Candidate: Jimmy Hung
Title: Quantum Computation with Superconducting Parametric Cavity
Date: November 25, 2020
Time: 2:00 PM
Supervisor(s): Wilson, Chris
Multimode superconducting parametric cavity is a exible platform that has been used to study a variety of topics in microwave quantum optics ranging from parametric amplification, entanglement generation to higher order spontaneous parametric downconversion (SPDC). Leveraging the extensive toolbox of interactions available in this system, we can look to explore exciting applications in quantum computation and simulation. In this thesis, we study the use of the parametric cavity to realize continuous variable (CV) quantum computation.

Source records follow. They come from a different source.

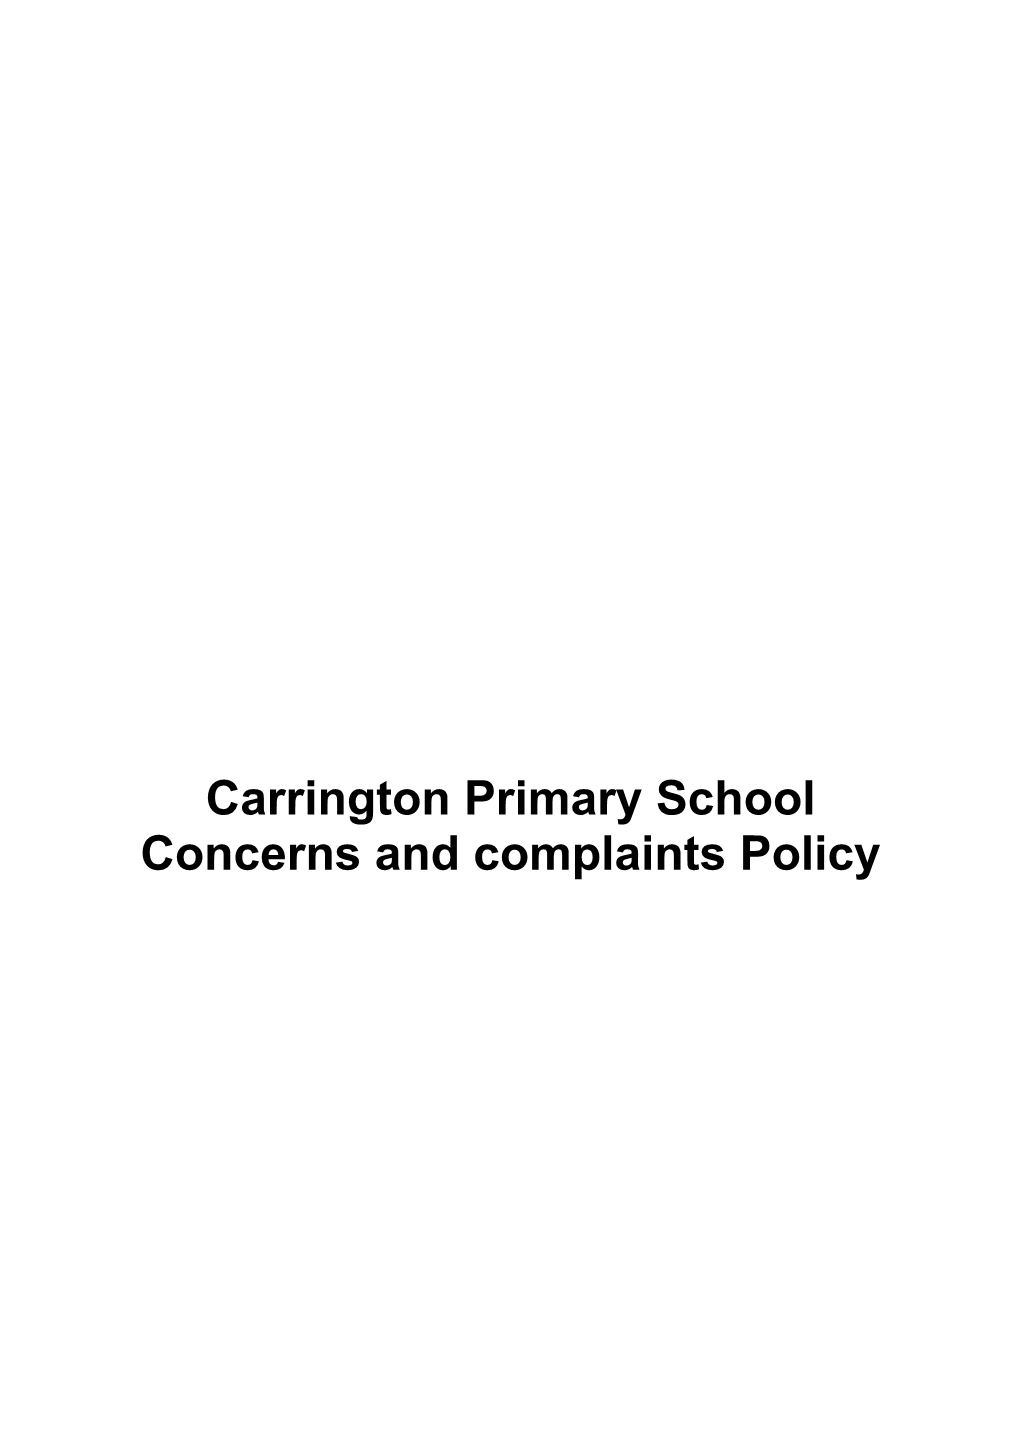 Concerns and Complaints Policy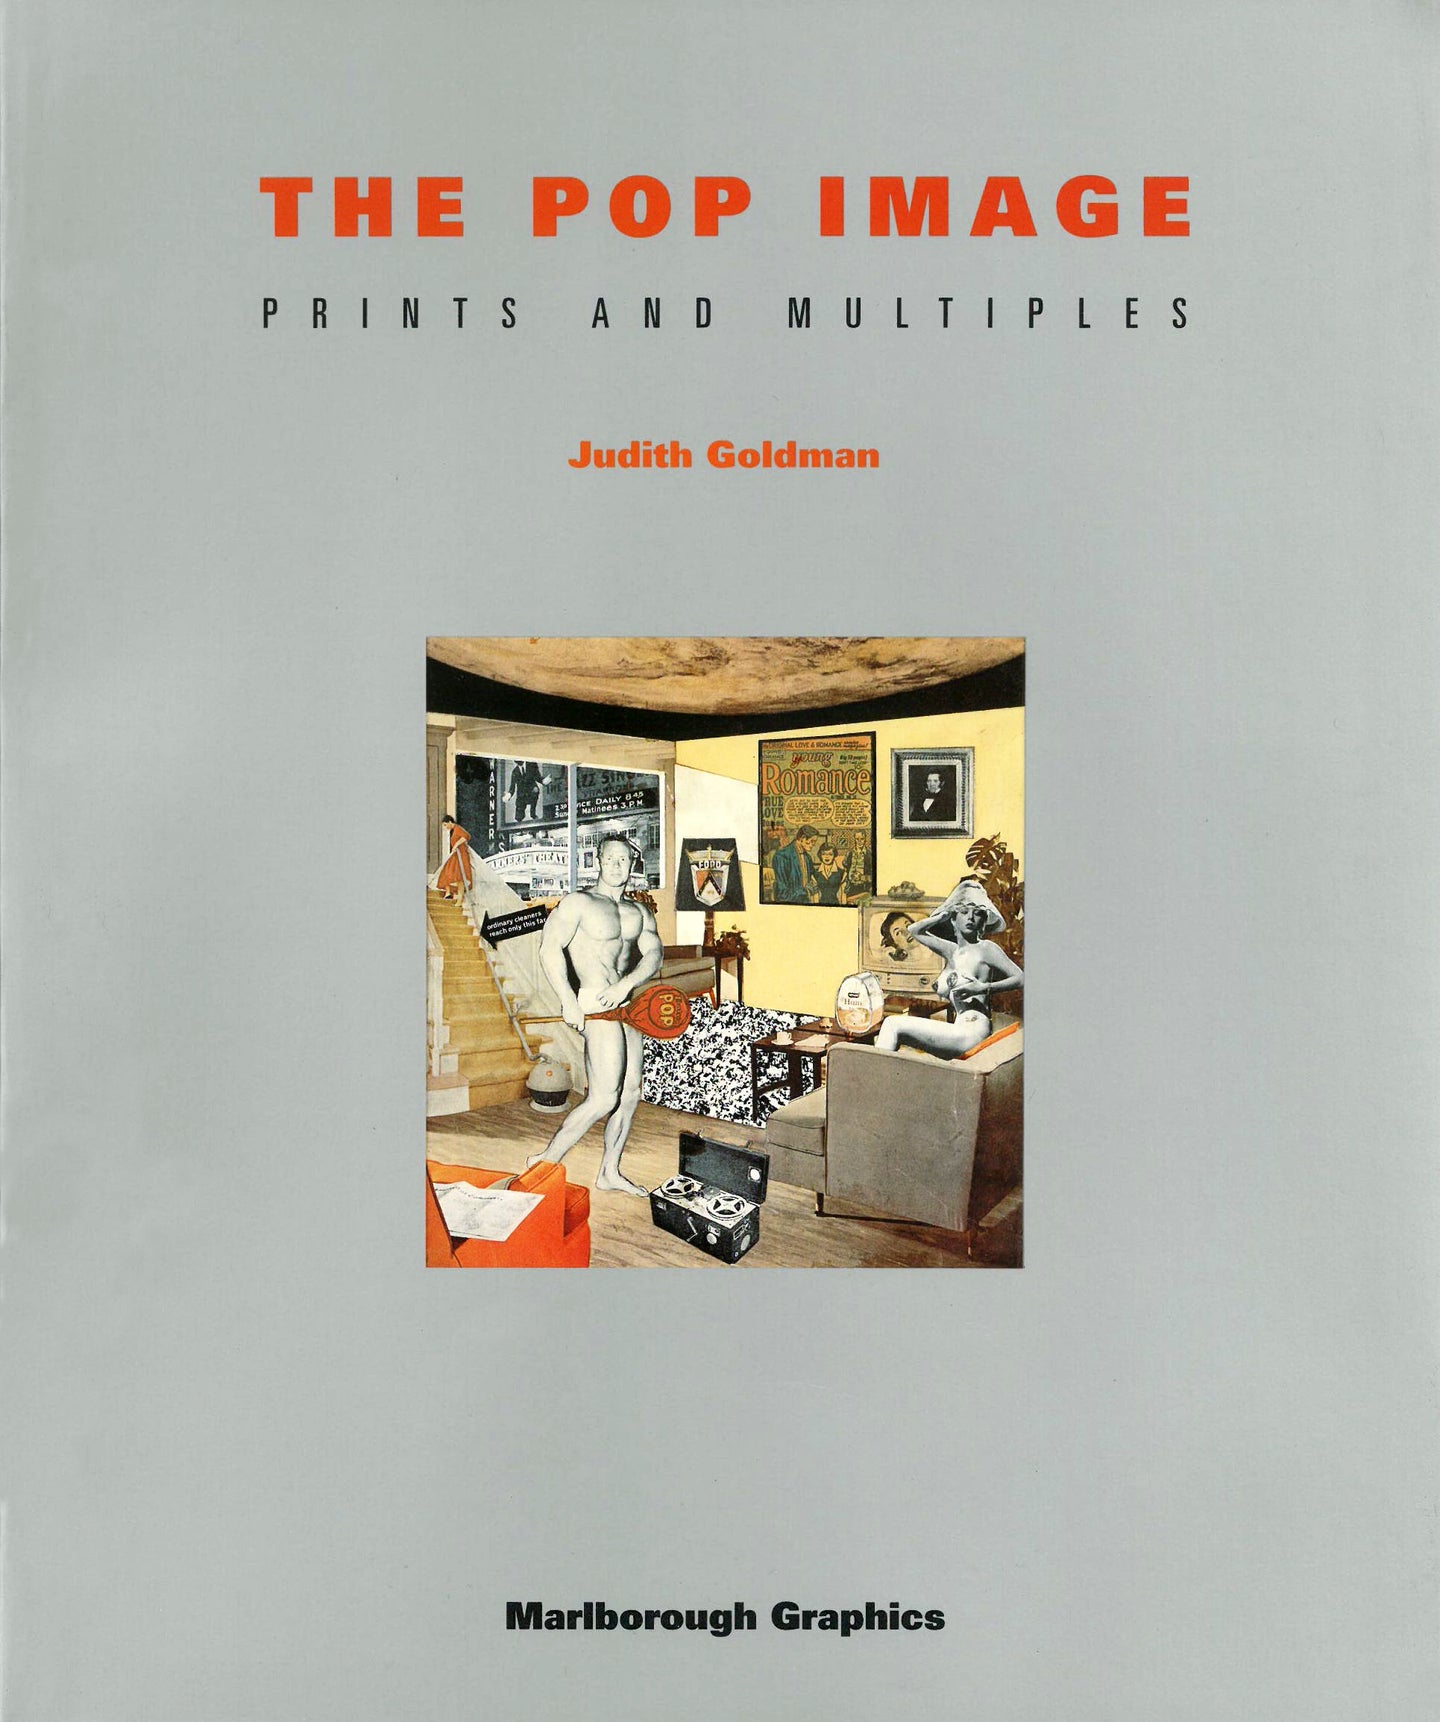 The Pop Image: Prints and Multiples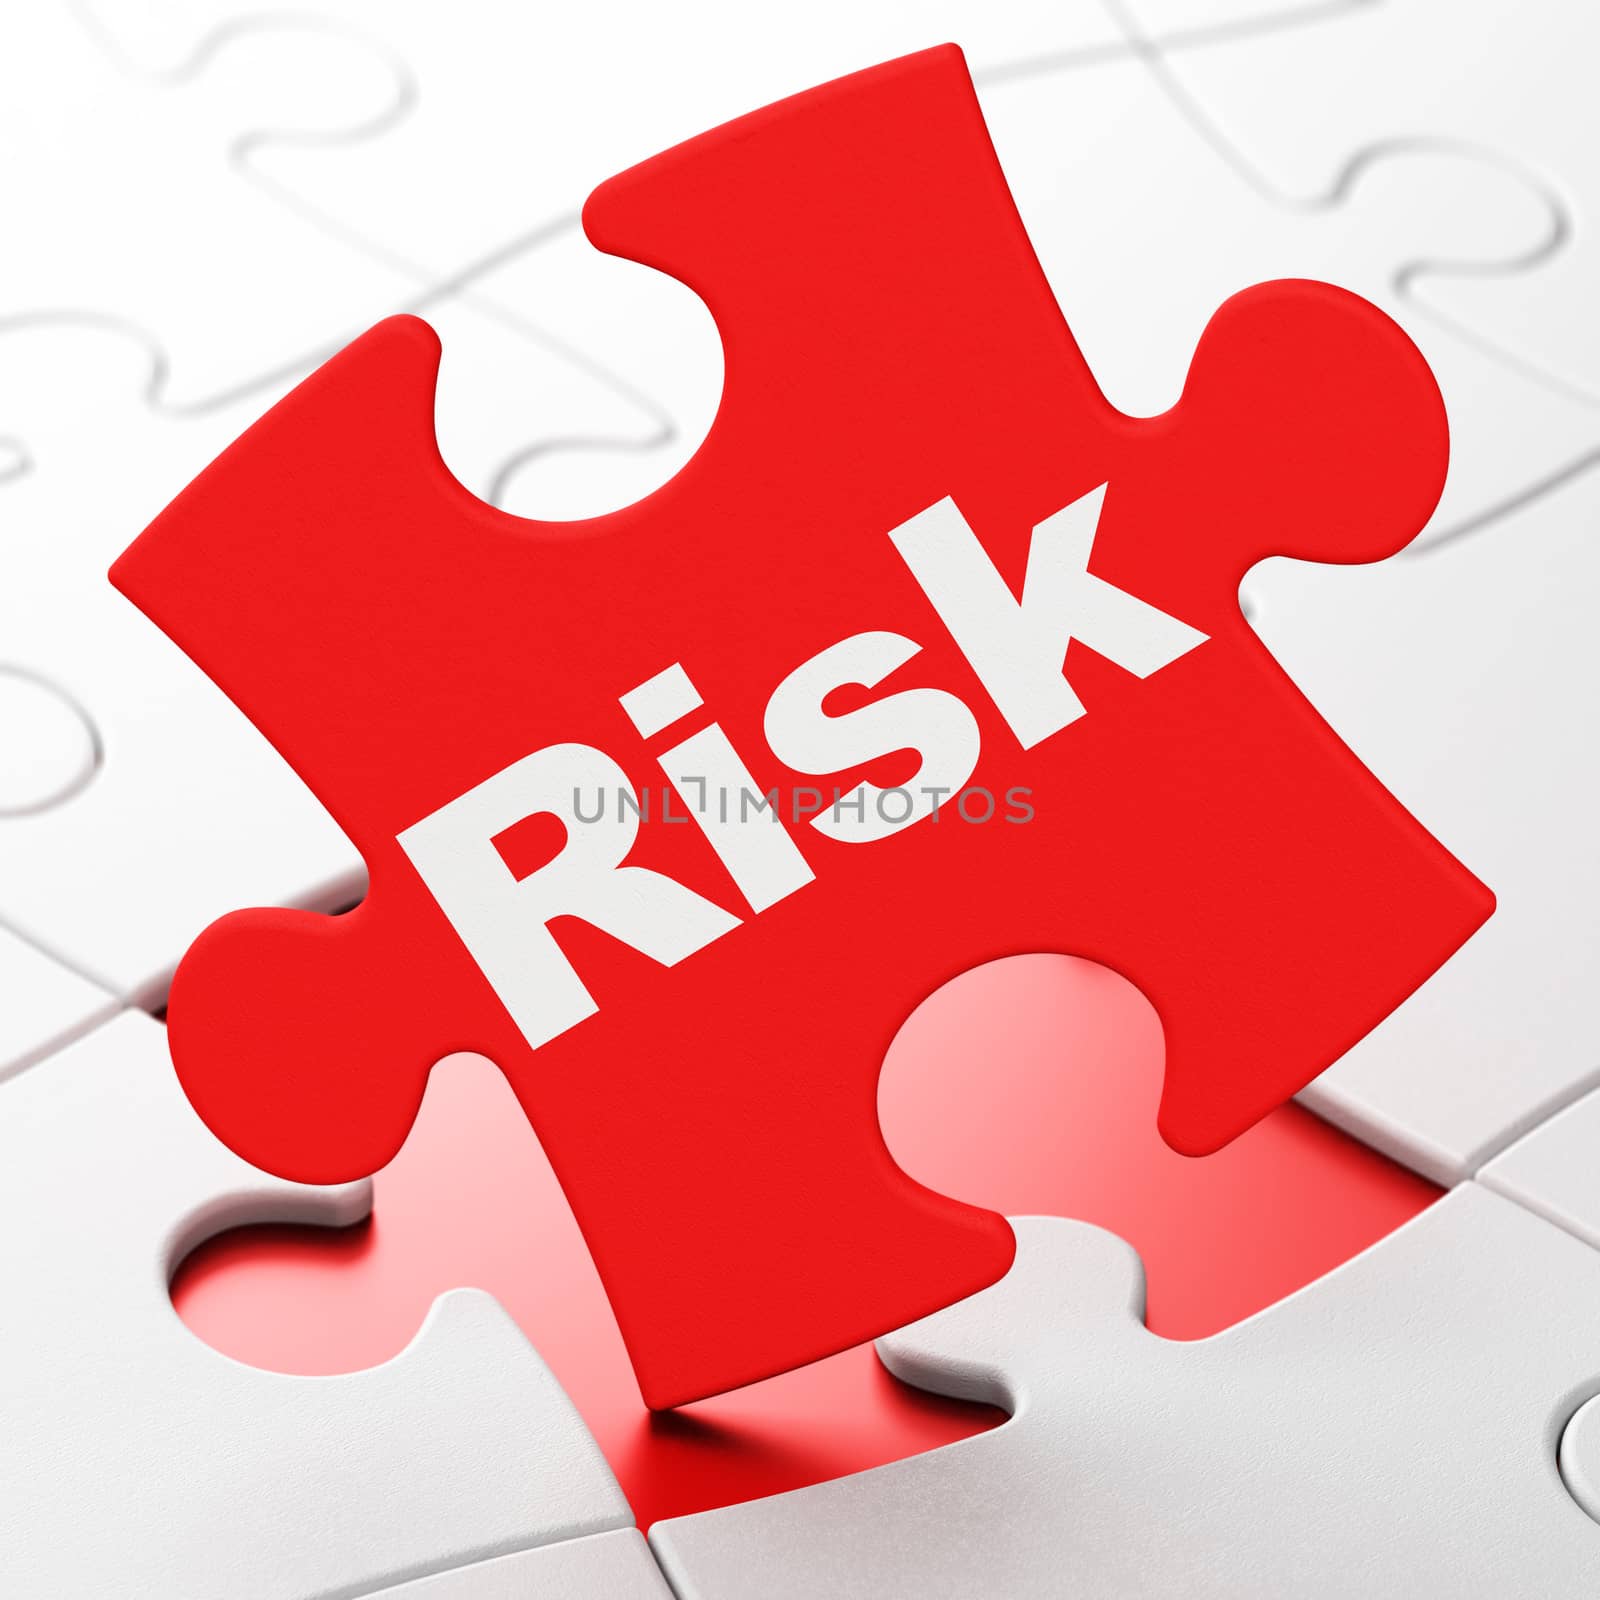 Business concept: Risk on Red puzzle pieces background, 3D rendering

We propose and examine in detail the scheme to compute with the microwave photons in the orthogonal frequency modes of the cavity via successive application of parametric pump pulses or cavity drives. The family of all Gaussian transformations can be accomplished easily with interactions already demonstrated in this system. From recent results and proposals involving higher order SPDC, there are also clear pathways towards realizing the non-Gaussian resources necessary for universal computation. Common measurements on the system are accomplished with standard measurement techniques on the output state of the cavity and additional useful measurements may be implemented using available parametric interactions or new device designs involving a qubit as a nonlinear probe.
Using the parametric cavity, we experimentally implemented a hybrid quantum-classical machine learning algorithm called the Quantum Kitchen Sinks (QKS) as the first step towards developing this platform for quantum computation. The algorithm is studied over two sets of experiments starting from partial experimental implementation of the quantum variational circuits to fully experimental implementation using multiple simultaneous continuous wave (CW) pumps. In both cases, we find that the quantum part of the algorithm implemented in the parametric cavity improved the classification accuracy on a difficult synthetic data set up to 90.1% and 99.5% respectively when compared to a classical linear machine learning algorithm.